4. How does this integrate with my CRM, fund admin, and reporting workflow? Standalone tools are half a solution. The output needs to land where the deal team works.

5. What happens when Microsoft updates Excel? Excel evolves. Some add-ins break with each major release. Ask the vendor about their update cadence and how they handle breaking changes.

6. What is the total 3-year cost? License plus implementation plus internal time. Most pricing pages tell you only the first number. Ask about the rest before signing.

The vendors who pass all six questions are the ones worth piloting. The ones who hedge on three or more are not enterprise-ready, no matter how slick the demo is.

11. Where to Start

If you are starting from no AI for Excel today, here is the path that works for a typical mid-market PE firm.

Month 1. Roll out Microsoft 365 Copilot to the deal team and operating team. Cost is bounded. Adoption tends to be high. Establishes a baseline of AI-assisted productivity. Pair with Numerous AI or Formulabot for cell-level help.

Month 2-3. Pilot one PE-specific tool against your highest-volume workflow. If you spread financials on every deal, pilot Daloopa. If your bottleneck is memo writing, pilot Rogo. If you obsess over LP reporting, pilot Tactyc. Measure time saved on real deals, not on the demo set.

Month 4-6. Decide on the PE-specific tool. Roll out to the deal team. Train the analysts thoroughly. Build the new workflow into the team's standard operating procedure.

Month 7+. Look at custom agents for the workflows that off-the-shelf tools cannot quite cover. Most firms find one or two of these in their first year.

If you want help running this, our Discovery Sprint covers AI-for-Excel evaluation as part of a broader assessment of where AI delivers the most value across your firm. We have run this evaluation for PE firms ranging from $500M to $5B AUM. The right answer is rarely the same.

"AI tools embedded directly in productivity software, not standalone applications, deliver the highest adoption rates because they meet professionals where they already work."

Harvard Business Review, "How Gen AI Is Already Impacting the Labor Market" (2024)

Key Takeaways
  • Excel still runs PE. The right question is making it faster, not replacing it.
  • Four tool categories: Microsoft 365 Copilot, specialized add-ins, PE-specific modeling tools, custom agents.

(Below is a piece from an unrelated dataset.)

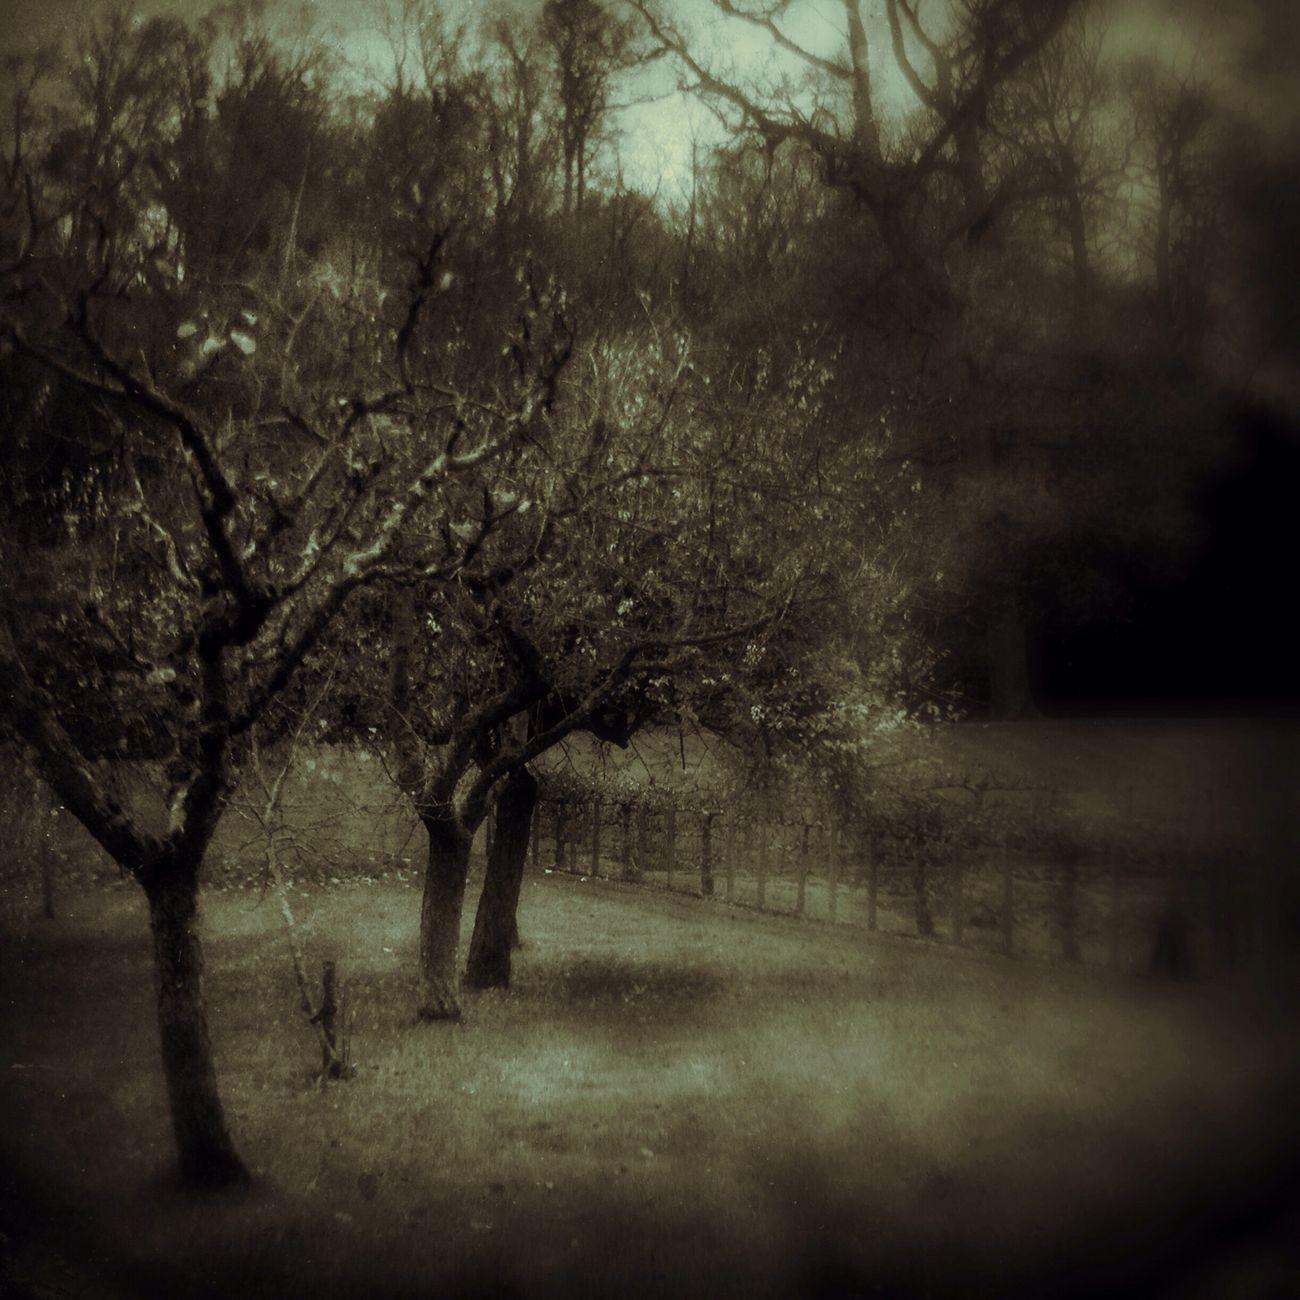 Autumn Apple Trees Painswick Rococo Garden NEM Landscapes Shootermag NEM Memories

Each solves a different problem.
  • Microsoft Copilot is the right baseline if you are on M365. Native integration, strong security, productive on day one.
  • PE-specific tools (Rogo, Daloopa, Tactyc, Mosaic, Causal) earn their cost on specific high-volume workflows: financial spreading, LBO modeling, fund-level reporting.
  • Custom agents are right when an off-the-shelf tool cannot cover the specific workflow, data sensitivity is high, or you need internal-system integration.
  • Security non-negotiables: know where your data goes, whether it trains anyone's models, and who can access it during processing.
  • Highest-ROI starting workflow: financial spreading. Cuts 4 to 6 hours of analyst time per deal to under an hour. Pays for itself in a quarter at any meaningful deal volume.